13. That it is duty cast upon the court to permit or bring any evidence on record, for a just decision of the case, at any stage, before delivery of judgment."
Learned A.G.A submits that this application on the ground that Subhash Chandra the co-accused has not challenged the order by which he was not allowed to appear in his defence. This Criminal Misc. Application of Sri Shyam Sunder to prove the alibi, only in order to weaken the prosecution case is abuse of the process of the Court. In fact the accused wants to delay the proceedings for the reasons best known to him.
An accused has a right to keep quite and allow the prosecution to prove the case. He may or may not answer the questions put to him by the Court.
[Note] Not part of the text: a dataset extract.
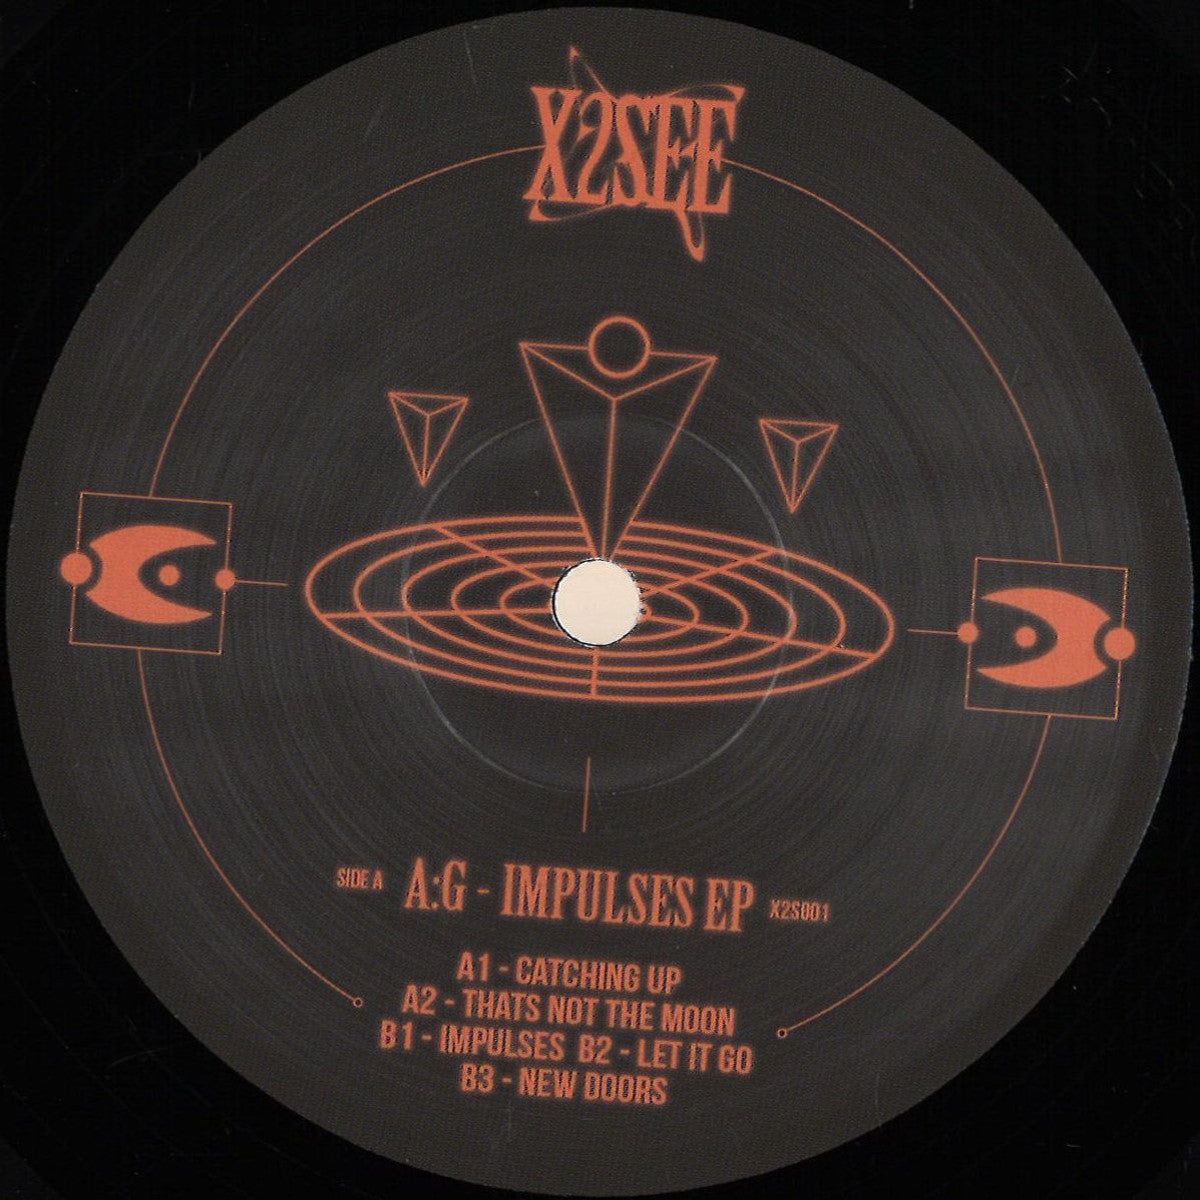 A:G - IMPULSE EP

If he chooses to appear as defence evidence, he has an opportunity to appear under section 315 Cr.P.C. as a defence witness, and in such case he will be a competent
witness. His absence, however, to appear as a defence witness will not prejudice him in trial in any manner. Section 315 Cr.P.C. makes the accused a competent witness to defend himself. His failure to appear will not be treated as a circumstance against him to prove the case. In the present case Shyam Sunder has pleaded alibi and that his alibi will be examined by the trial judge. The fact that Subhash Chandra wanted to say something in his defence and his statement was sought to be relied upon by Shyam Sunder, the other co-accused to show that the prosecution case is false, does not give Shyam Sunder a aright to challenge the order. Section 311 Cr. P.C. give powers to the Court to summon any person as a witness or examine any person in attendance though not summoned as a witness or recalled and re-examine any person already examined to prevent failure of justice. This power may not be extended to give a right to the accused under Section 315 Cr.P.C. to apply for examining him in defence at any stage even if he is not a material witness or is seeking to prove the alibi of other accused. The competence of the co-accused to appear as a defence witness under section 315 Cr.P.C. is not to be treated as a right to file application under Section 315 Cr.P.C. compelling the Court to allow him to appear as a witness if the trial court is of the opinion that the application has been made only to delay the trial.
Section 315(1) Cr.P.C. correspondent to Section 342-A, Cr.P.C. of the old code and is similar in terms except that the word "or" occurring at the end of Clause-A of the proviso to Section 342-A has been omitted. It was introduced in the Code of 1898 by the Code of Criminal Procedure (Amendment) Act of 1955. Before this amendment accused was not allowed to enter witness box and give evidence in his defence except in cases provided under Section 240(2) (old). The accused could be called as a witness only on his own request in writing. The trial judge is not obliged to explain the accused regarding his right to examine himself as a defence witness nor can he
compel him to give evidence in disproof of the charge. The competency of one of the accused and his application to appear as a witness cannot be taken as a ground by the other co-accused for staying the trial.
The applicant before this Court did not make any application to appear as a defence witness. He is only seeking to rely on the evidence of other co-accused to be allowed to appear as defence witness. The record shows that the applicant did not plead the nature of evidence which Subhash Chandra wanted to produce as a defence witness on the basis of which the Court may form an opinion that in order to arrive at a just decision that Subhash Chandra must be examined. The trial court did not commit any such error which may require interference of this Court, at this stage.
The Criminal Misc. Application is rejected.